In a closed-forest community, if the gap occurs in the direction of the sun, direct light will be allowed to reach the forest floor. The amount of light now reaching the forest floor may be as much as 200 times that which was reaching the floor under a closed canopy. The exact amount is determined by size of the gap, time of day and also latitude. But, the amount of light that reaches the floor will still be roughly 10-15% less that at the canopy level. Also, the eastern side of gaps usually receives more radiation in the afternoon, when temperatures are high. The western side of gaps usually receives the opposite: higher radiation in the morning, when temperatures are lower.
In addition to direct light, diffuse light also reaches the forest floor following a gap. Blue sky and clouds are sources of this light. Diffuse light is different from direct light in spectral composition. Diffuse light is enhanced at the short wavelength (blue) end of the solar spectrum while direct light is not. Another factor caused by gaps is the increase in infrared, or heat, radiation. While light is important to plants for photosynthesis, the near-infrared radiation can not be used by plants but warms up leaves, soil, litter and whatever else there happens to be in the vicinity of the gap. The effect of this is a greater range of temperature of soils and plants within gaps.

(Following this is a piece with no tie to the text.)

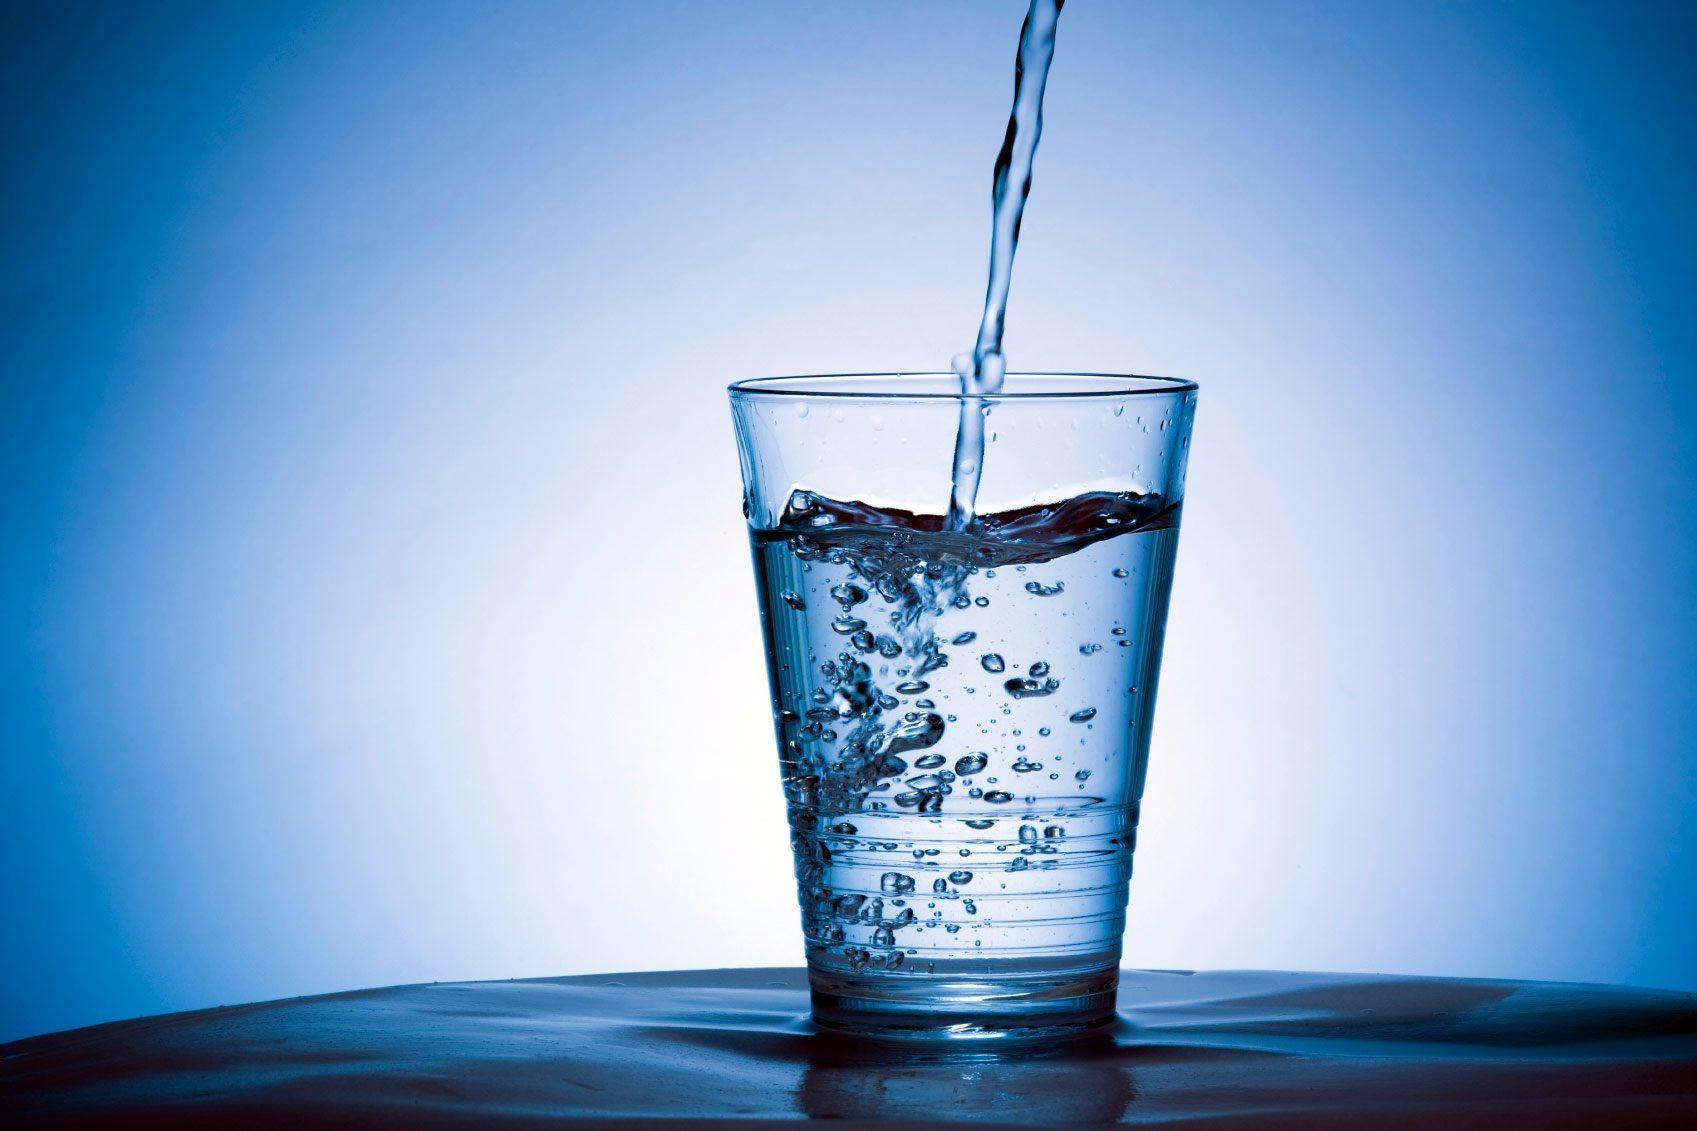 http://drsenaniwijesena.com/wp-content/uploads/2016/08/glass-water.jpg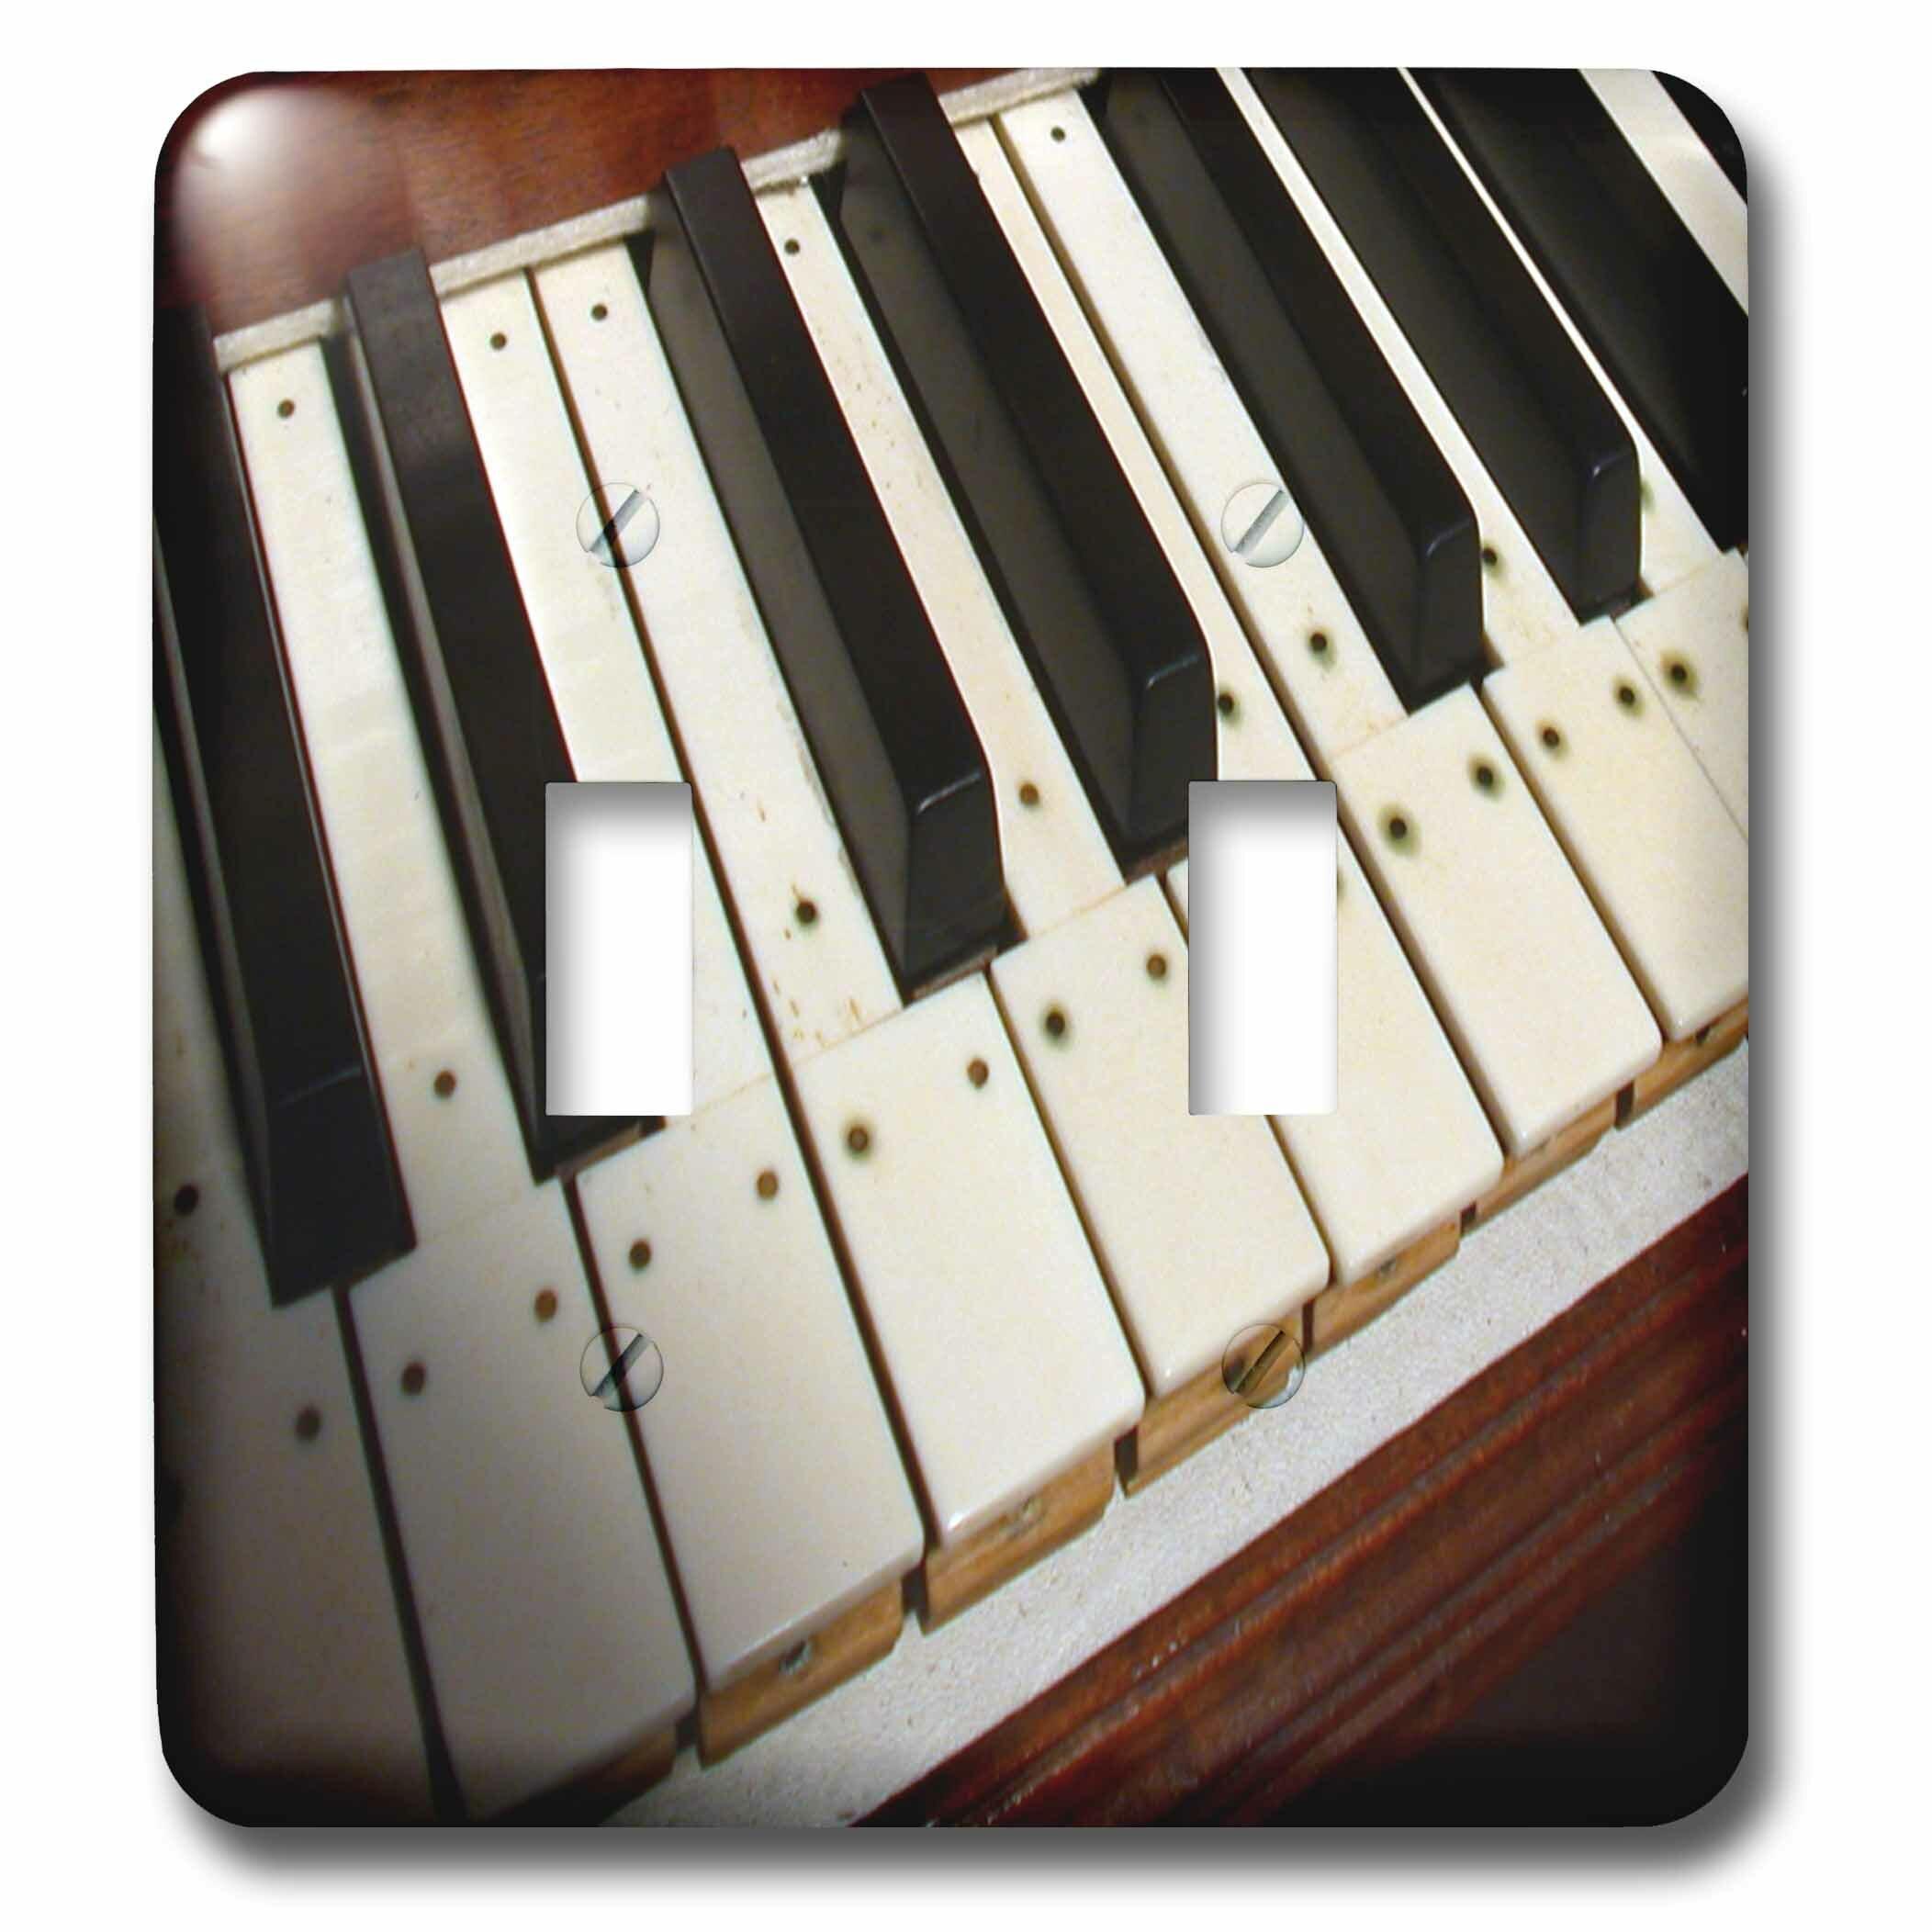 3drose Piano Keyboard 2 Gang Toggle Light Switch Wall Plate Wayfair

Light is very important in determining the rate of photosynthesis in plants. To understand the growth of plants it is very helpful to know the amount of light that is intercepted by the canopy. This is useful because in many communities, plant growth rates are approximately proportional to the amount of light that is intercepted by the canopy. In the two different environments, North Stradbroke Island and Lamington National Park, photon flux densities were measured using a Quantum sensor. On North Stradbroke, readings were taken in the Eucalypt open-forest community. At Lamington, reading were taken in a closed canopy region near Duck Creek Road. At both locations readings of incident light, or full sunlight at the time, were also taken. Measurements of photon flux density (PFD) are in umole.m-2.s-1. Results were as follows.
Brown Lake on North Stradbroke Island. On Thursday, 17th October, 1996, at 1:55pm the incident light value was measured at 1650 umole.m 2.s-1. At 2:55pm measurements were made below the canopy toward the bottom of the hill and yielded PFD values of 212, 215 and 190 umole.m-2.s 1. These readings correspond to around 13%, 13% and 12% of incident PFD at this time of the day. Later at 4:05pm at the top of the hill, the incident PFD reading would have been around 867 umole.m-2.s-1. The reading under the canopy was 34.7 umole.m-2.s-1 which corresponds to around 4% transmission.
Near Duck Creek Road, Lamington National Park. On Wednesday, 30th October, 1996, at 11:00am, the incident PFD was measured at 2020 umole.m-2.s-1. Below the canopy at different locations, readings obtained were 5, 9, 20 and 30 umole.m-2.s-1. The average reading was around 9 umole.m-2.s-1. These readings correspond to around 0.24%, 0.4%, 1% and 1.5% of incident PFD respectively. The average percentage was 0.4%-0.5% transmission by the canopy. A reading was made on the driveway near the road to represent diffuse skylight. Around 2% of incident radiation was measured. A PFD measure of 50 umole.m-2.s-1 in a gap such as this represents around 2.5% of incident radiation.
COMPARE AND CONTRAST
The above calculations mainly support the notion that more light is getting to the forest floor in open-forest communities than in closed forest communities. The 4:05pm reading from Brown Lake was quite low, but possible explanation for this is due to the lateness in the day. The sun was lower in the sky; radiation was coming more from the east, rather than from directly overhead. As a result, radiation had to travel further through the canopy to reach the forest floor. But otherwise, in areas where the canopy is closed the percentage transmission is lower than that in areas where the canopy is open. The effect of gaps can be seen in the reading taken on the driveway near Duck Creek Road. The resulting percentage of incident radiation measured at this location was indeed higher than the average percentage measured under undisturbed canopy.
The difference in light amount and intensity reaching the forest floor can be used to make an analysis of the differences in photosynthetic rates in sun and shade plants. Plants under a closed canopy, like at Lamington, are physiologically different than the plants under an open canopy, as near Brown Lake. Although shade plants do not achieve high rates of photosynthesis, they do perform efficiently in low light situations. Similarly, sun plants growing in high light intensities exhibit high photosynthetic rates at a saturating light intensity, but if light conditions are of a lower intensity, the sun plants exhibit a lower net photosynthetic rate than shade plants at the same light intensity (Boardman, 1977).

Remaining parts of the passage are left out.